Department of Intensive Care, Austin Hospital, Melbourne, Australia.
Department of Intensive Care, Austin Hospital, Melbourne, Australia; Department of Emergency and Critical Care Medicine, The University of Tokyo Hospital, Tokyo, Japan.
Aust Crit Care. 2024 Jul;37(4):632-637. doi: 10.1016/j.aucc.2023.11.005. Epub 2024 Jan 19.
Continuous haemoglobin, venous blood oxygen saturation, and haematocrit (Hct) monitoring is currently not applied during continuous renal replacement therapy (CRRT). Such Hct monitoring enables estimation of changes in blood volume as percentage change (ΔBV%) from therapy start time and is incorporated into intermittent haemodialysis machines but not CRRT machines despite its potential to optimise fluid management in CRRT patients.

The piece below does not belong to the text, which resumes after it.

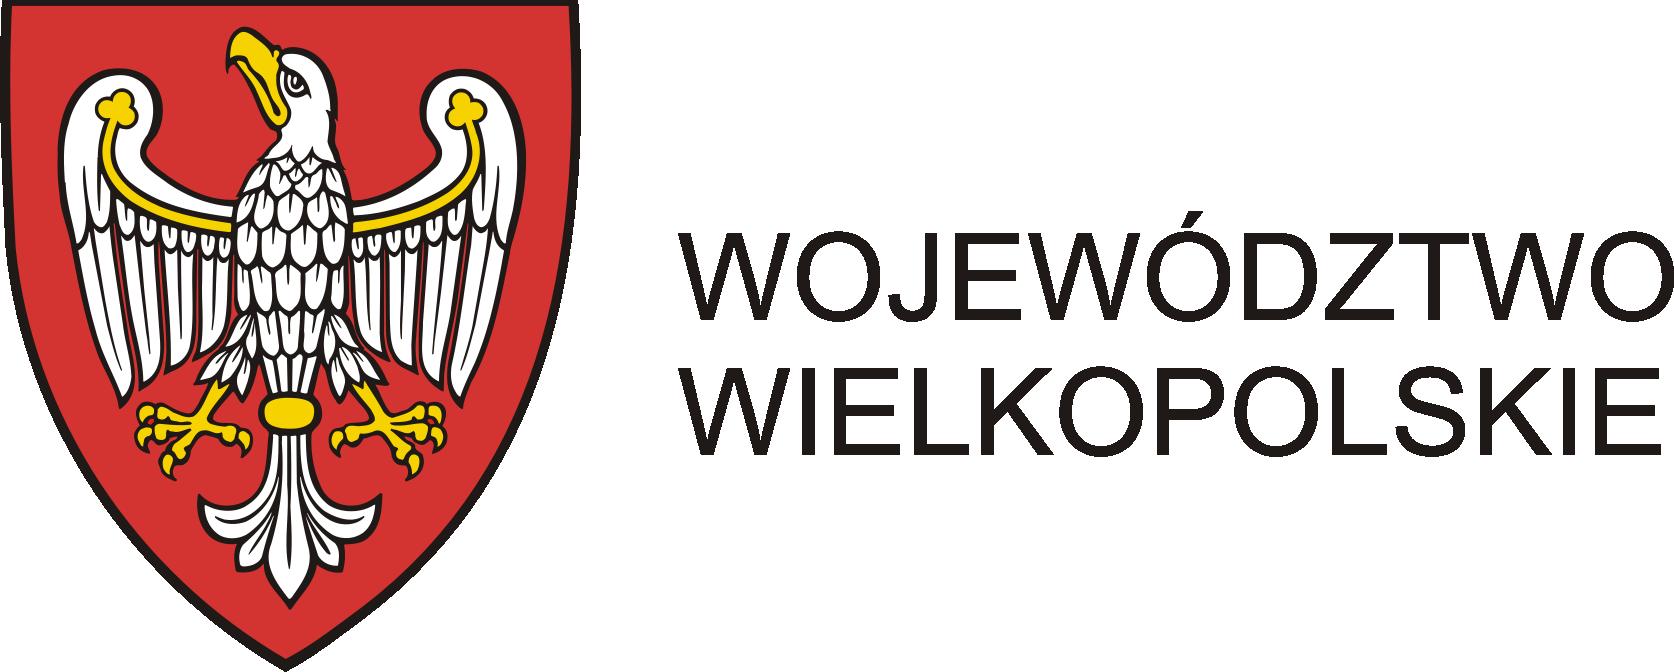 Marshal's Office of Wielkopolskie Voivodeship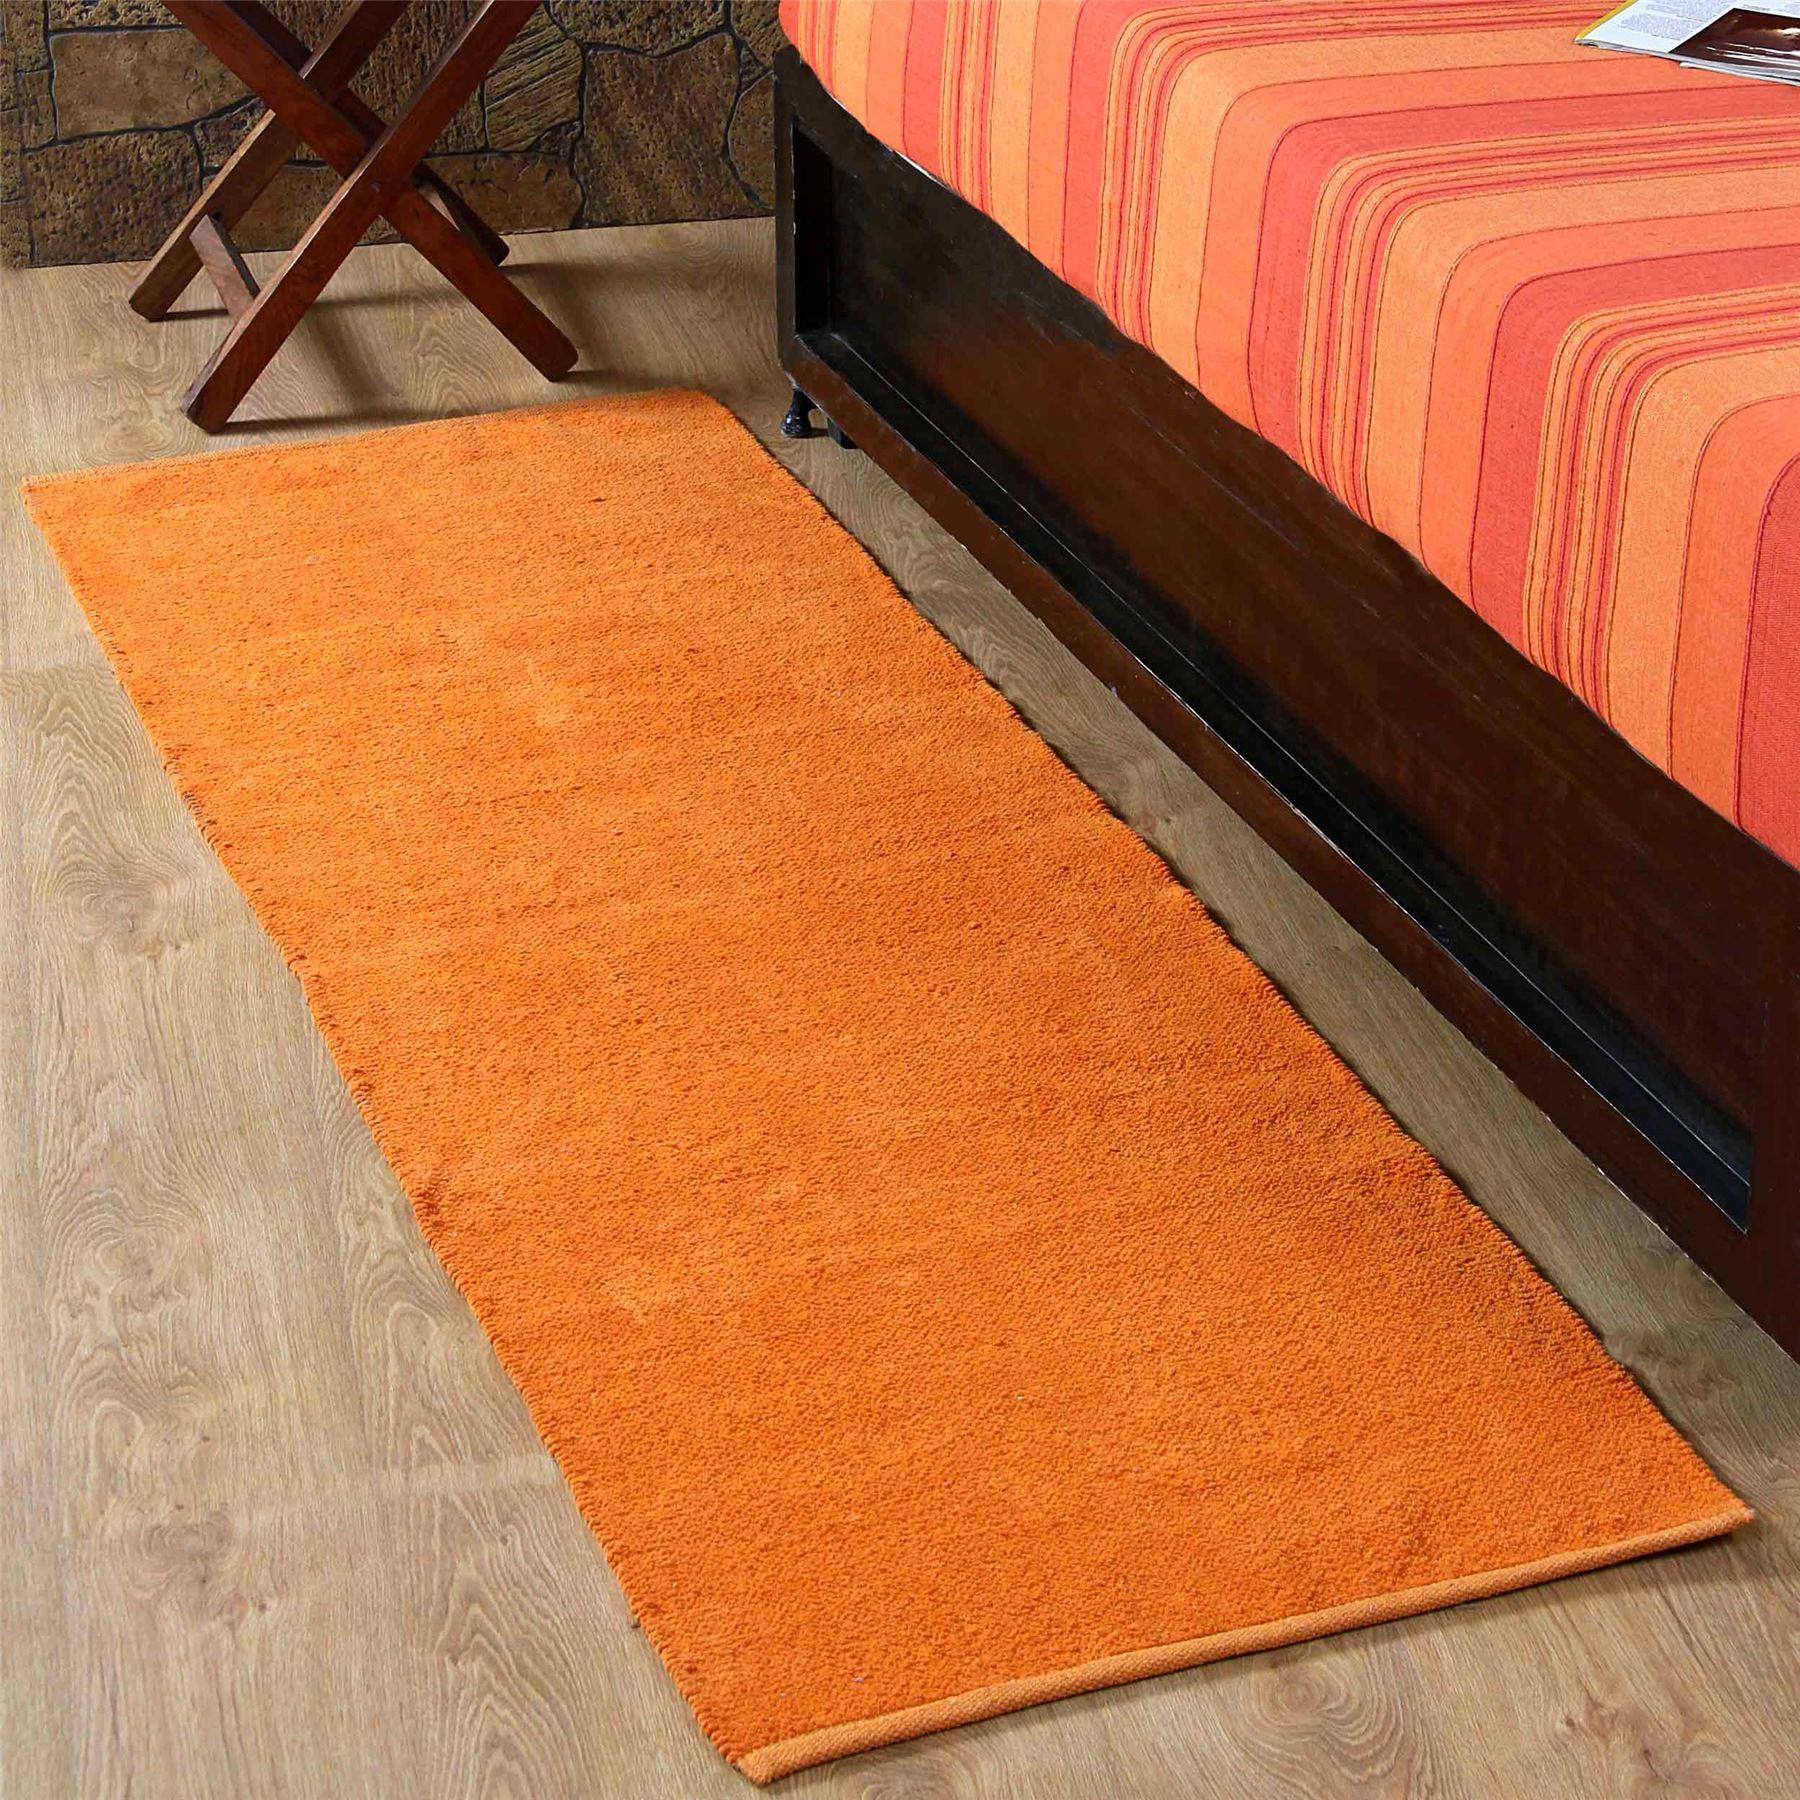 shower floor stone products home cotton classic parachute mats tub mat

To overcome this problem, we used a standalone monitor (CRIT-LINE®IV, Fresenius Medical Care, Concord, USA) with an associated in-line blood chamber (CRIT-LINE®IV Blood Chamber, Fresenius Medical Care, Concord, USA) and designed our own adaptor connection piece (TekMed and Morriset, Melbourne and Brisbane, Australia) to allow these readings at the vascular access outflow and recorded data for estimated Hct and derived ΔBV% during CRRT.
We report on this technique with an illustrative case example and 12 h of CRRT data on the fluid loss rate prescribed, hourly net patient fluid loss (range: 0-308 mL/h), mean arterial pressure, norepinephrine dose (range: 5-14 mcg/min), estimated continuous Hct and ΔBV%, and the otherwise undetected diagnosis of an approximate 15 % decrease in blood volume during the CRRT.
We have described a technical CRRT circuit modification that can facilitate a previously unavailable assessment of fluid shifts during CRRT. Further application in clinical trials is now possible.
目前,在连续肾脏替代治疗(CRRT)期间不进行连续血红蛋白、静脉血氧饱和度和血细胞比容(Hct)监测。这种 Hct 监测可用于估计从治疗开始时间起血液量的变化,作为百分比变化(ΔBV%),并被纳入间歇性血液透析机中,但不包括 CRRT 机,尽管它有可能优化 CRRT 患者的液体管理。
为了克服这个问题,我们使用了一个独立的监测器(CRIT-LINE®IV,费森尤斯医疗保健,康科德,美国)和一个相关的在线血液室(CRIT-LINE®IV 血液室,费森尤斯医疗保健,康科德,美国),并设计了自己的适配器连接件(TekMed 和 Morriset,墨尔本和布里斯班,澳大利亚),以允许在血管通路流出端进行这些读数,并记录 CRRT 期间估计的 Hct 和衍生的ΔBV%的数据。
我们报告了这项技术,并提供了一个说明性的病例示例和 12 小时的 CRRT 数据,包括规定的液体丢失率、每小时净患者液体丢失(范围:0-308 毫升/小时)、平均动脉压、去甲肾上腺素剂量(范围:5-14 微克/分钟)、估计的连续 Hct 和ΔBV%,以及在 CRRT 期间未检测到的约 15%的血液量减少的诊断。
我们描述了一种技术上的 CRRT 回路修改,可方便地评估 CRRT 期间的液体转移。现在可以进一步在临床试验中应用。